● Given material
──────

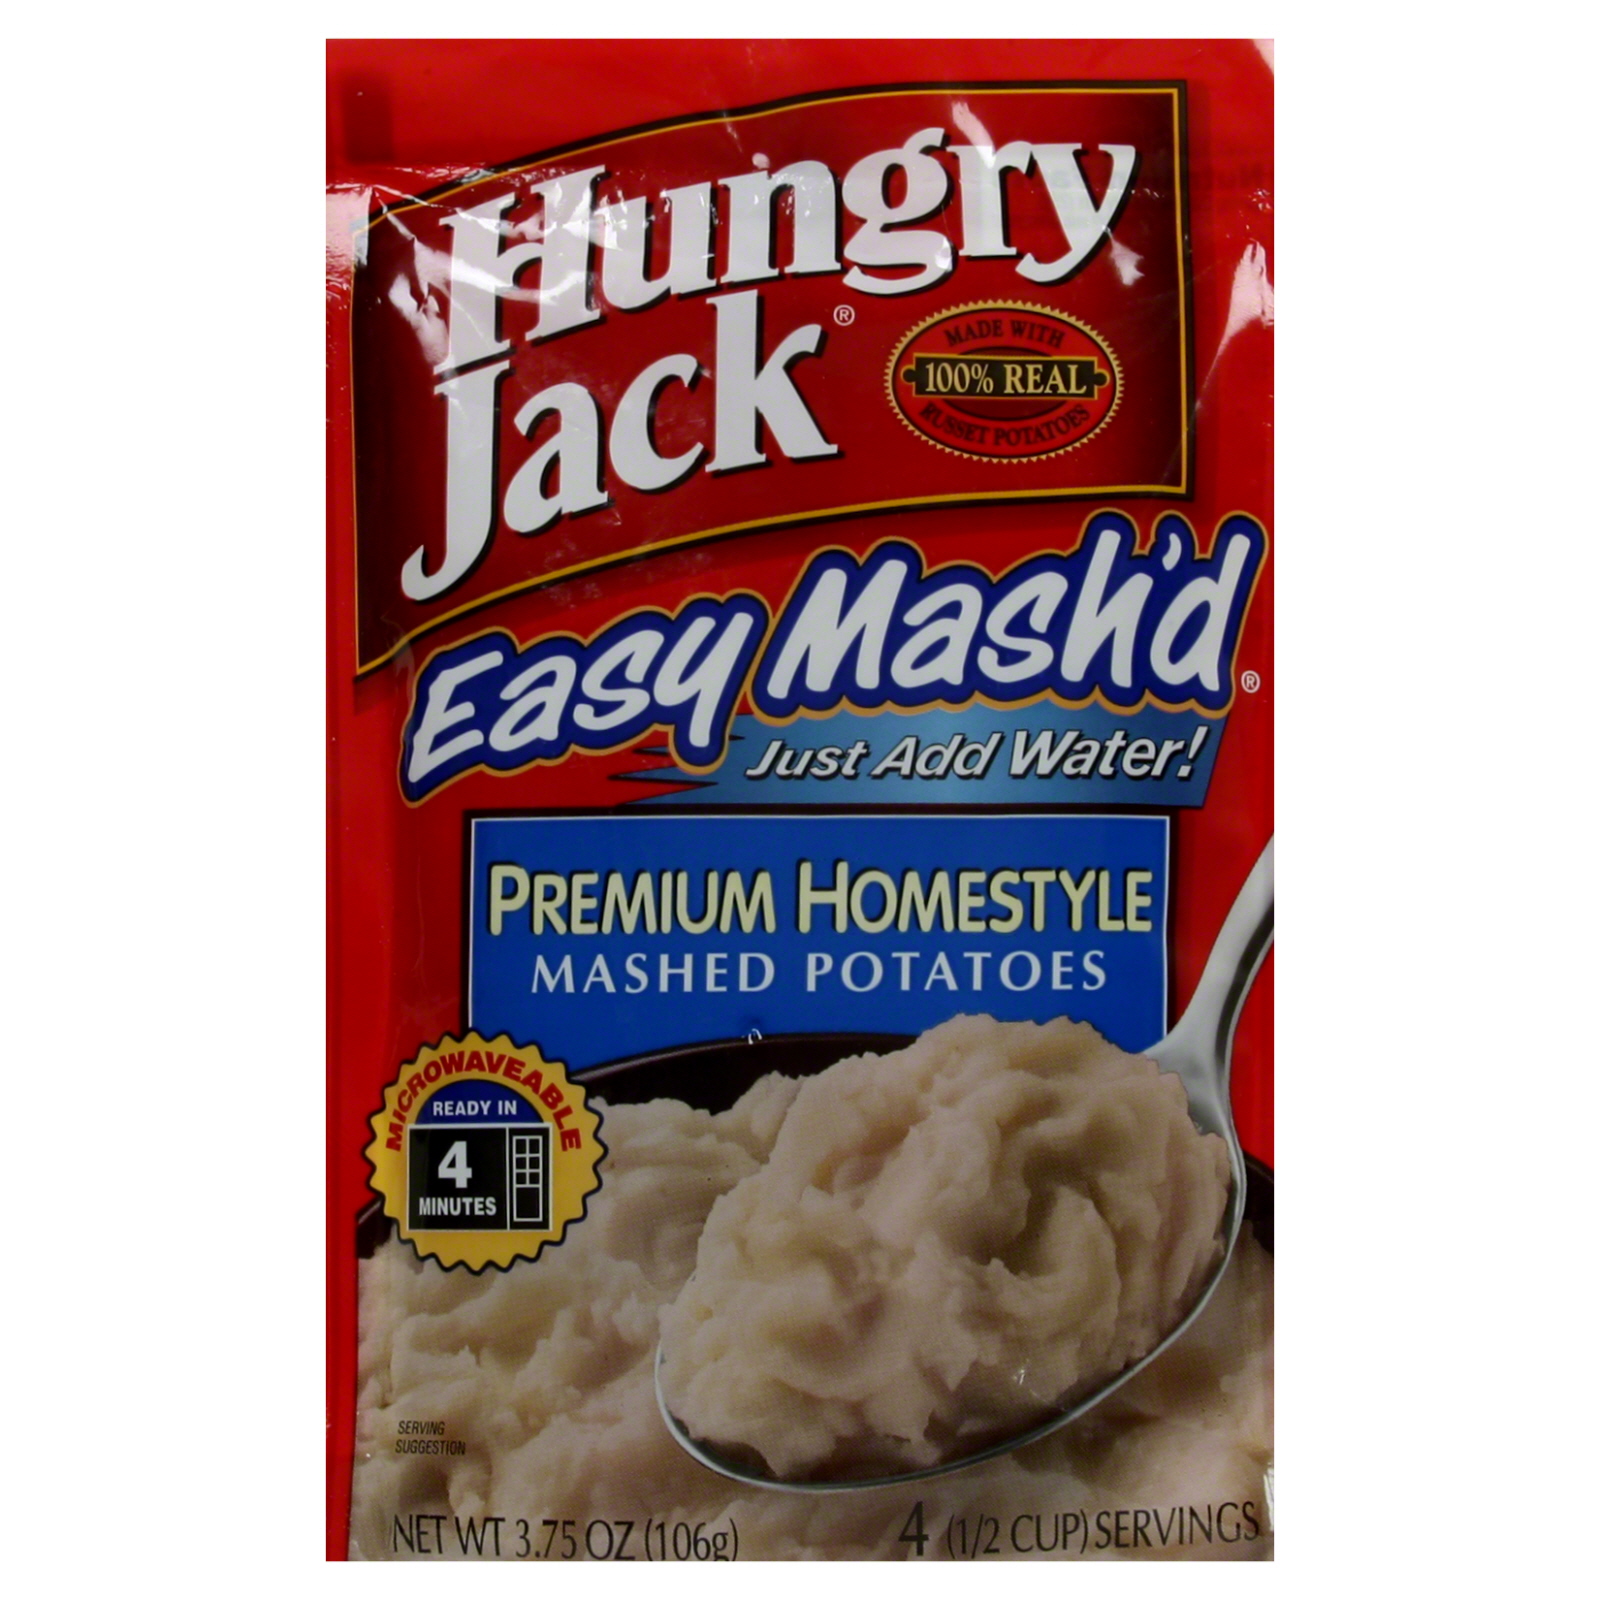 Hungry Jack Easy Mash'd Mashed Potatoes, Premium Homestyle, 3.75 oz (106 g)
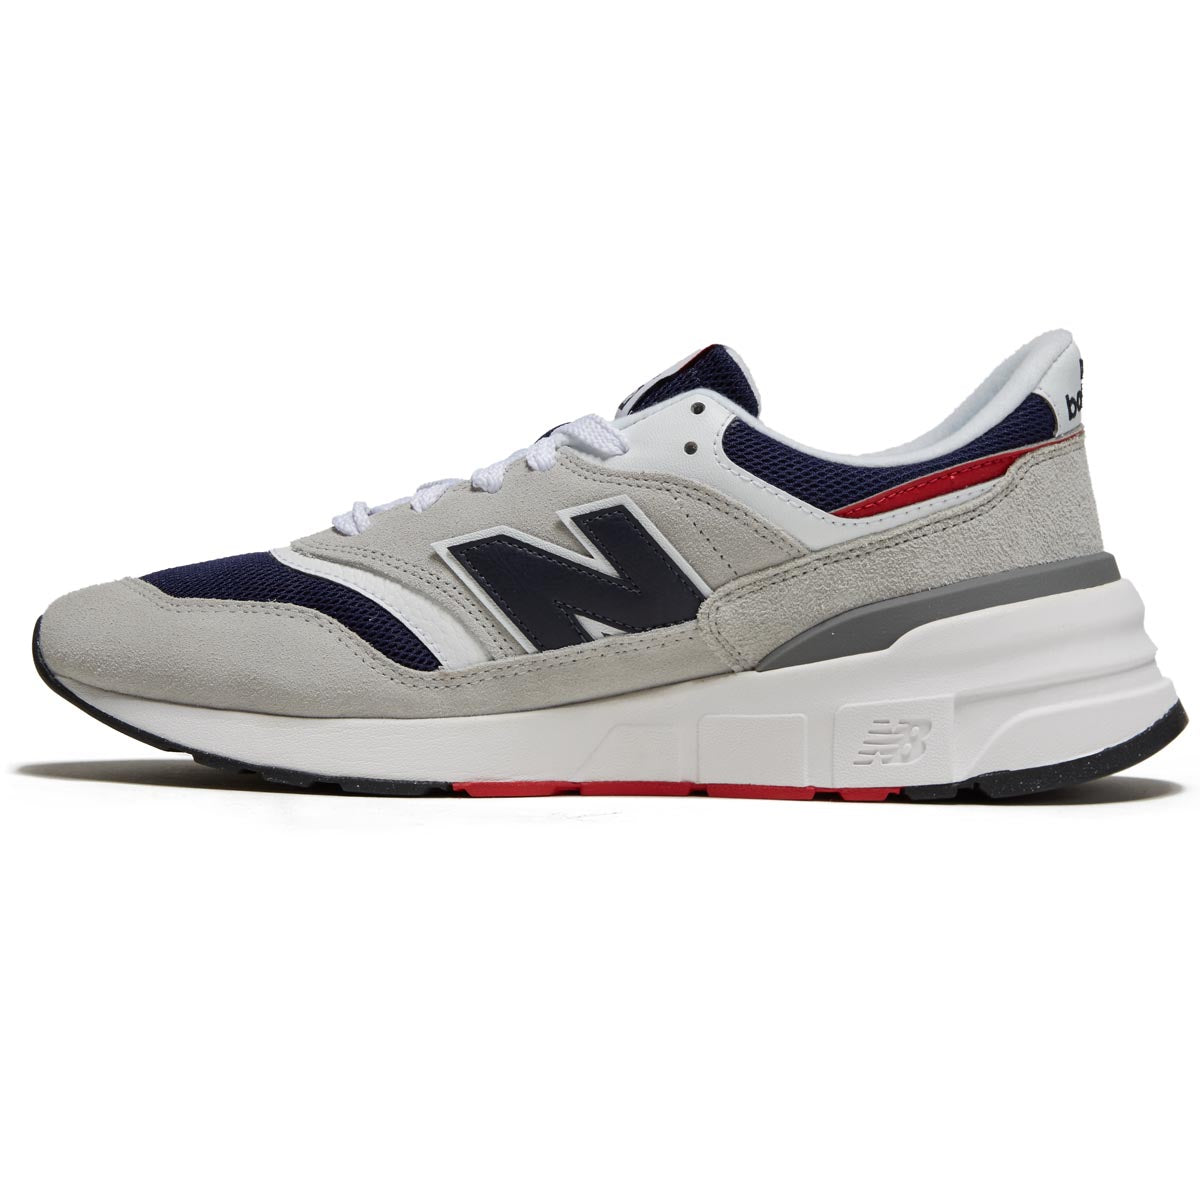 New Balance 997R Shoes - Brighton Grey image 2
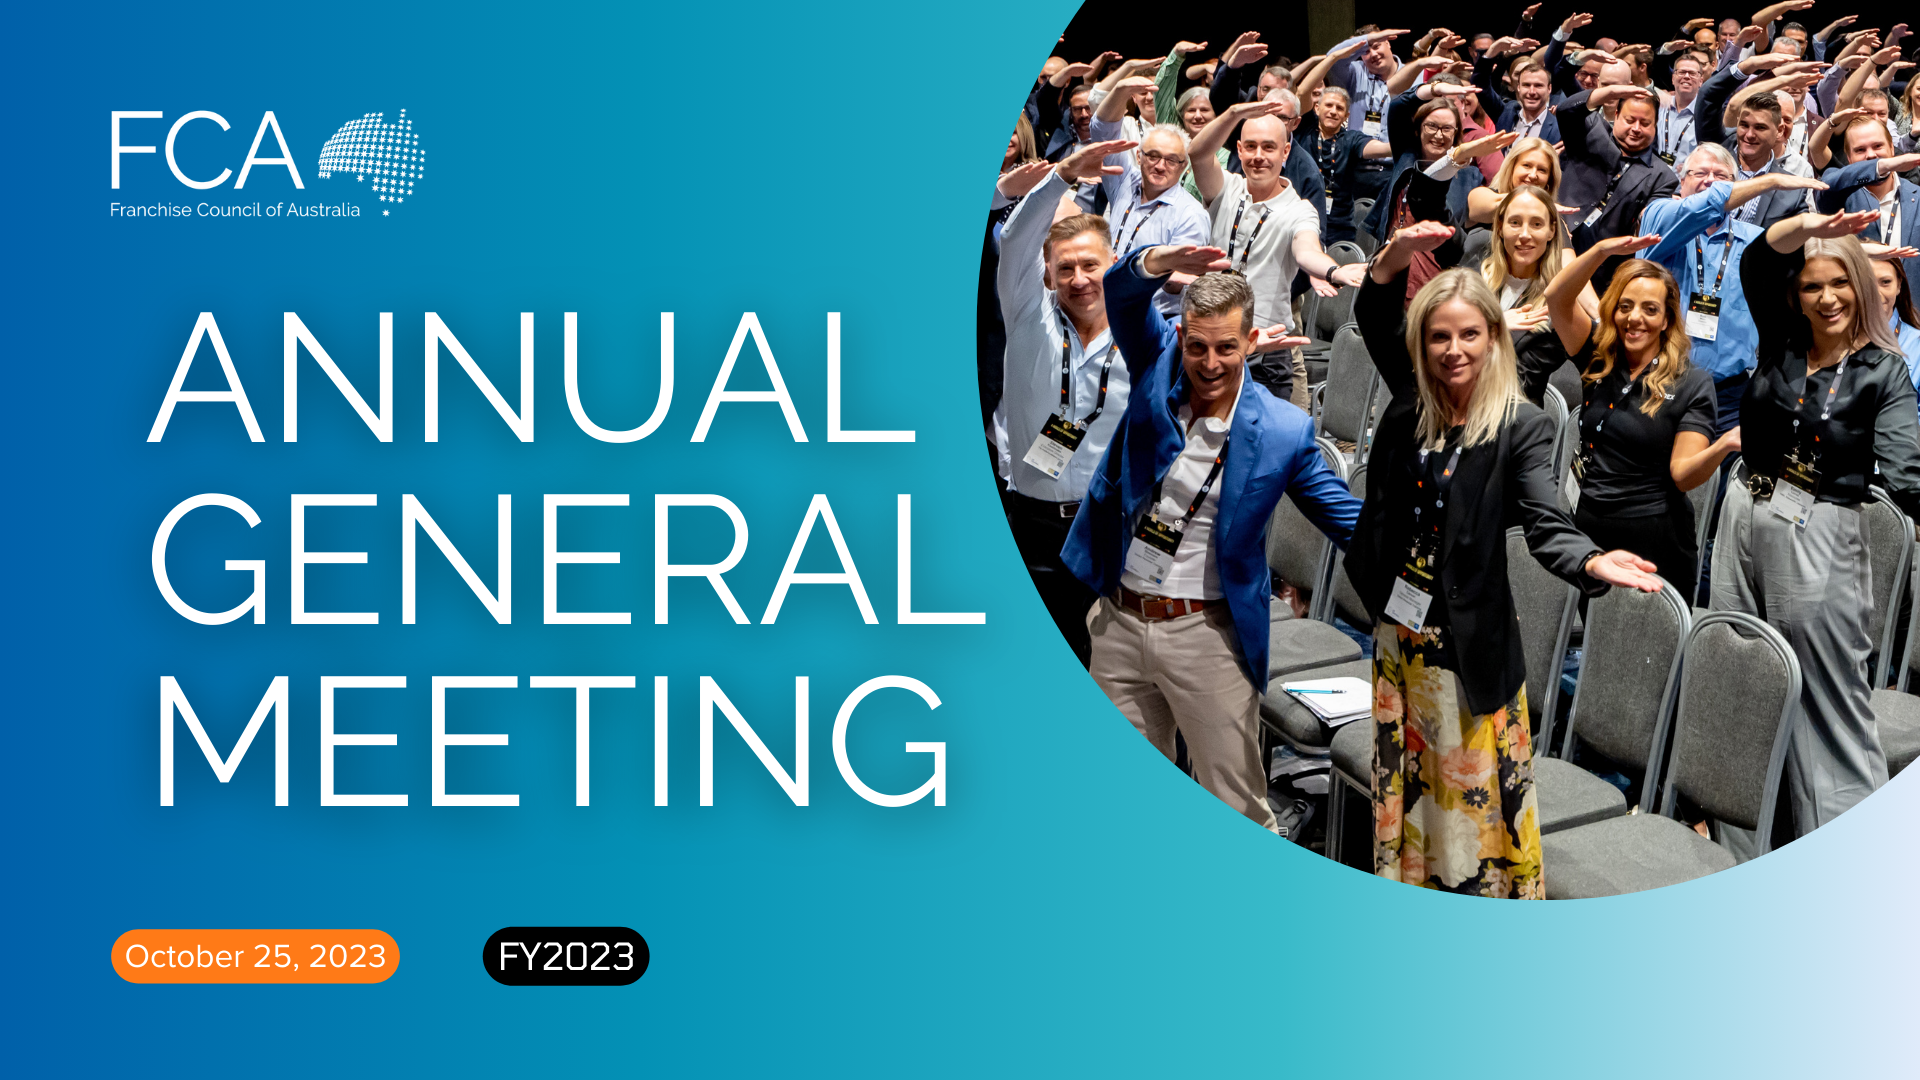 FCA ANNUAL GENERAL MEETING 2022/2023 - Online Meeting (Zoom) Tickets

──────

● What is expected
Reproduce the material exactly; omit the pictures.

● Response
 Hungry Jack Easy Mash'd Mashed Potatoes, Premium Homestyle, 3.75 oz (106 g)
 New Balance 997R Shoes - Brighton Grey image 2
 FCA ANNUAL GENERAL MEETING 2022/2023 - Online Meeting (Zoom) Tickets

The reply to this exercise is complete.